Defendant appealed the Appeals Panel’s decision sustaining a violation of G.L. 1956 § 31-12-4 (prima facie limits). A state trooper observed Defendant’s vehicle traveling at a high rate of speed, and the trooper’s dash-mounted radar device registered Defendant’s speed at ninety-four miles per hour in a fifty-five miles per hour speed zone. In the lower court, the Appeals Panel sustained the charged violation based on the state trooper’s testimony that he properly tested the radar unit via the test button on the dash-mounted radar unit. On appeal, Defendant argued that an internal test—such as the use of the test button—is not the same as calibration and, therefore, that the state failed to meet its burden under State v. Sprague, 322 A.2d 35, 39-40 (1974), to show that the radar unit was “tested within a reasonable time by a reasonable method.”
While Sprague established that the state must demonstrate that a radar unit was “tested within a reasonable time by a reasonable method,” Sprague is silent as to what constitutes a reasonable time and method. Thus, the District Court sought guidance from several materials, including the National Highway Traffic Safety Act Manual and Rhode Island State Police General Order 56 A1. Each of the materials from which the District Court sought guidance declared that radar units should be subjected to both an internal test and an external calibration test. As the court explained, “The former is used to make sure that the device is functioning; the latter to make sure that the reading is accurate.”
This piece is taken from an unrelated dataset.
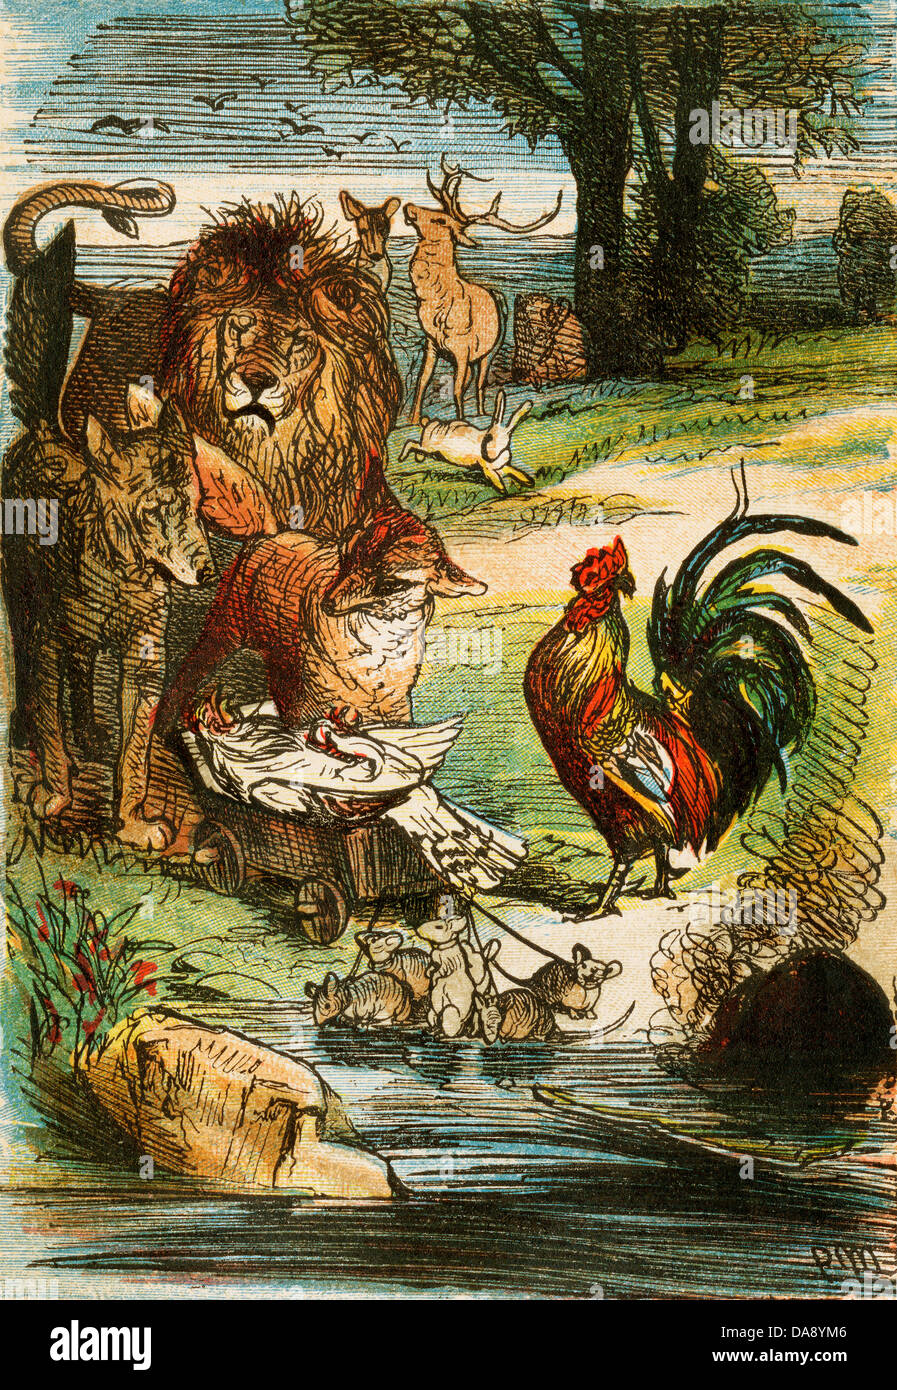 Muerte de un pollo, de una edición de Berlín Grimms' Cuentos de Hadas, 1865. Ilustración en color original Foto de stock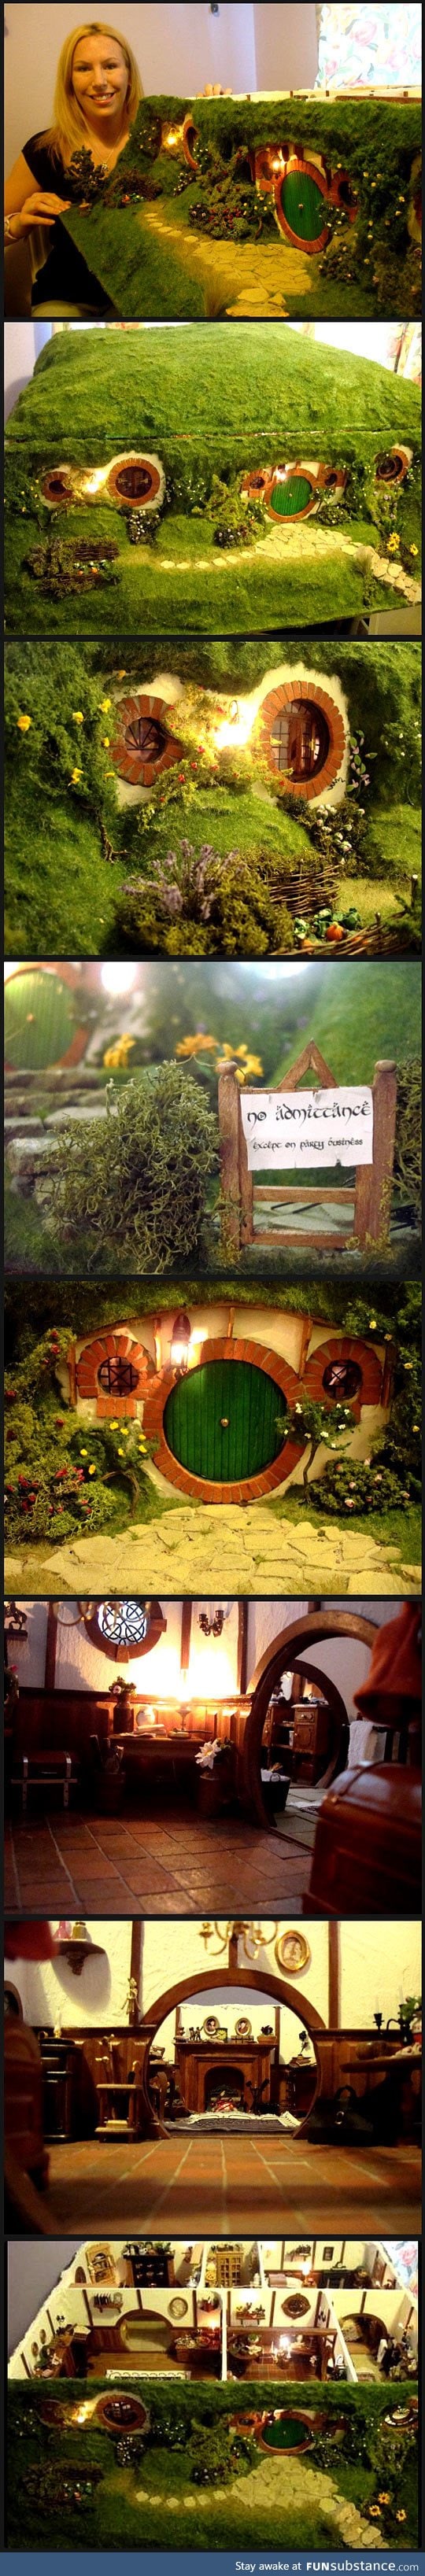 Ever seen a hobbit dollhouse?

Here, the District Court distinguished between internal tests and external calibration, and the radar unit in question here was last calibrated five years prior to its use in Defendant’s citation. As such, the District Court held that the Appeals Panel’s decision was clearly erroneous because the state failed to establish that the radar unit was calibrated within a reasonable time and by an appropriate method. Accordingly, the District Court reversed the Appeals Panel’s decision.